Estimated reading time: 3 mins
As enterprises strive to increase their market share and stay ahead in a competitive business environment, they need to increasingly take the technology recourse. Predictive Analytics is a technology, which studies the behavior of existing as well as potential customers through social media channels and their online website activities to predict future scenarios and their probability of purchase.
By processing the gathered information to collect key features, including essential patterns and attributes, and selecting only the most appropriate features helps to create a simple yet powerful predictive model. Predictive Analytics has helped Amazon increase its sales by 30%. As per a report from McKinsey, predictive maintenance helps reduce call centre cost by approx 20-50%.
Predictive analytics encompasses a variety of statistical techniques from data mining, predictive modelling, and machine learning, which analyze current and historical facts to make predictions about future or otherwise unknown events.
A highly effective model is built using a minimal set of features, which contain enough information to train a model to make accurate predictions/classifications.
Selection of useful features out of N given features is quite complex. Mathematically, we have 2N number of possible subsets. For example, for a problem with 20 features, we have 1048576 number of possible subsets of features, so one can easily guess the complexity if there are 40 features to deal with.

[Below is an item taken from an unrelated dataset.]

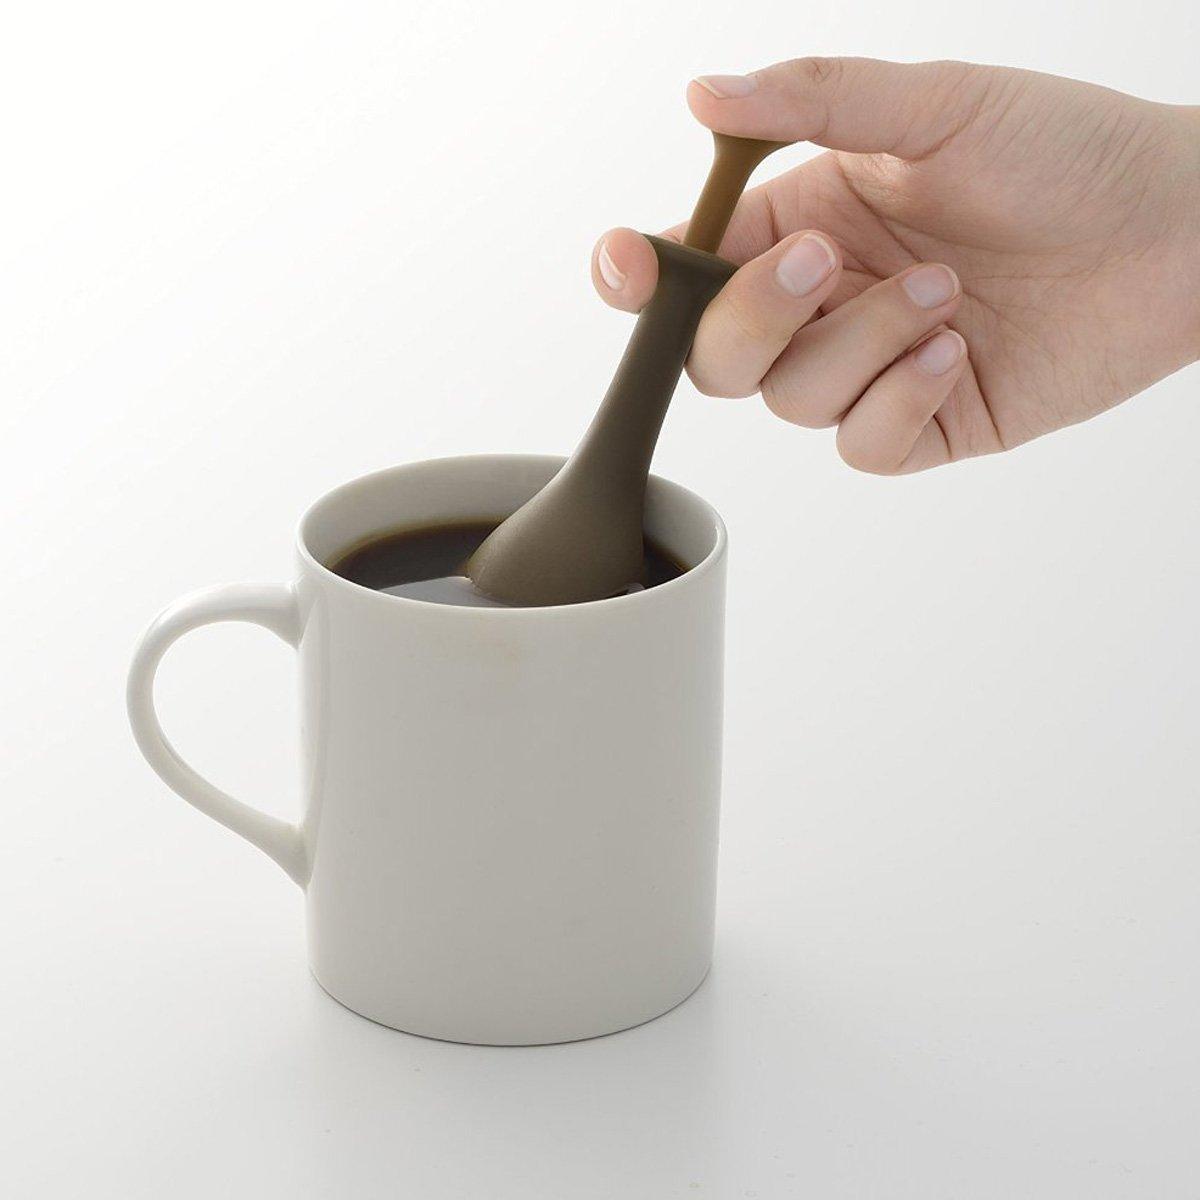 Portable Fresh Coffee Maker : Aozora Mini Coffee Press - World s Most Portable Coffee Maker - The Green Head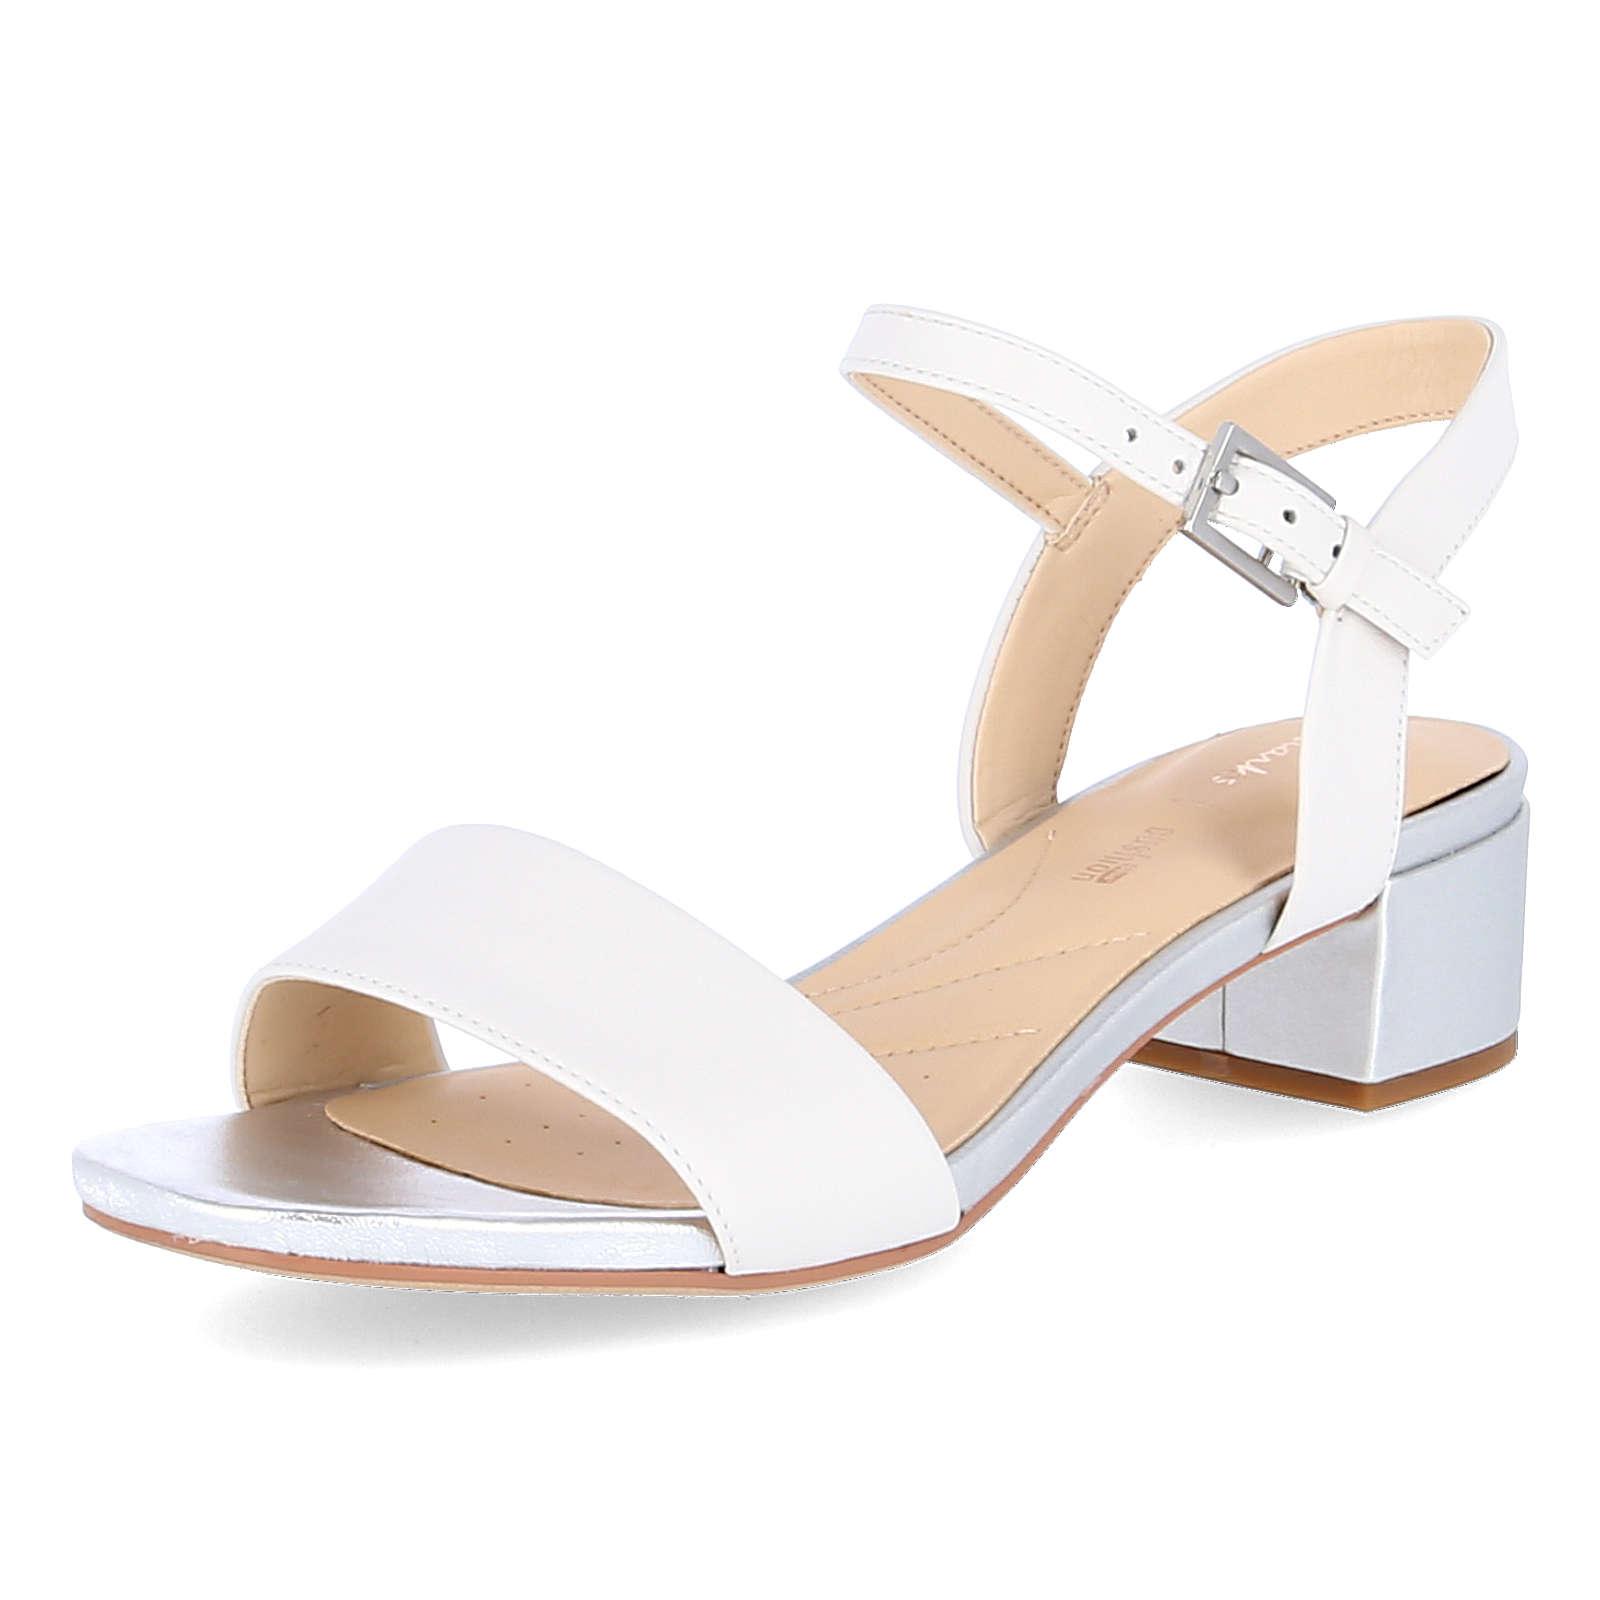 Clarks Sandaletten ORABELLA IRIS Klassische Sandaletten weiß Damen Gr. 39

To avoid the computational burden, the number of selected input variables should not be too high. Similarly, it should not be too less either as the input variables would not be able to provide essential information.
To build an efficient model, the number of feature vectors should be optimum so that the behavior of the given phenomenon can be described with minimum non-redundant features with informative variables.
Feature selection methods can be categorized into three categories: filters, wrappers, and embedded methods.
The main difference between embedded method and filter method is while embedded method requires iterative updates, the model parameters are selected according to the model performance. The wrapper method considers only the model performance of the selected set of features.
Suppose, we have 26 features viz. a,b,c,d,...,z. Out of these 26 features, each individual attribute may not be informative by itself, but a combination of them may be (for example: Perhaps b and c have no information separately, but (b + c) or b*c, on the other hand, might have some information). Now, Filter feature selection approach may miss it as it evaluates features in isolation, not in combination, but Wrapper approach can leverage this information as it is using a prediction or classification algorithm actually for evaluation.
To sum up, the optimal set of features should contain the minimum number of input variables, which are required to describe the behavior of the considered system or phenomenon with minimum redundant variables, which at the same time provide maximum information. A more accurate, efficient, simple and easily interpretable model can be built if the optimal set of input variables is identified.
The rule of thumb, which is followed for feature selection across analytics is that Filter method is used when the number of features is large in the dataset while Wrapper method is used when the number of features is moderate. But in practice, it's usually a better idea to use Wrapper method for key feature selection as it takes the performance of the actual classifier you want to use into account, and different classifiers vary widely in the usage of information.
Using these simple, yet powerful techniques to build a predictive model, enterprises can improve their sales and OpEx figures and stay ahead in a globally competitive business environment.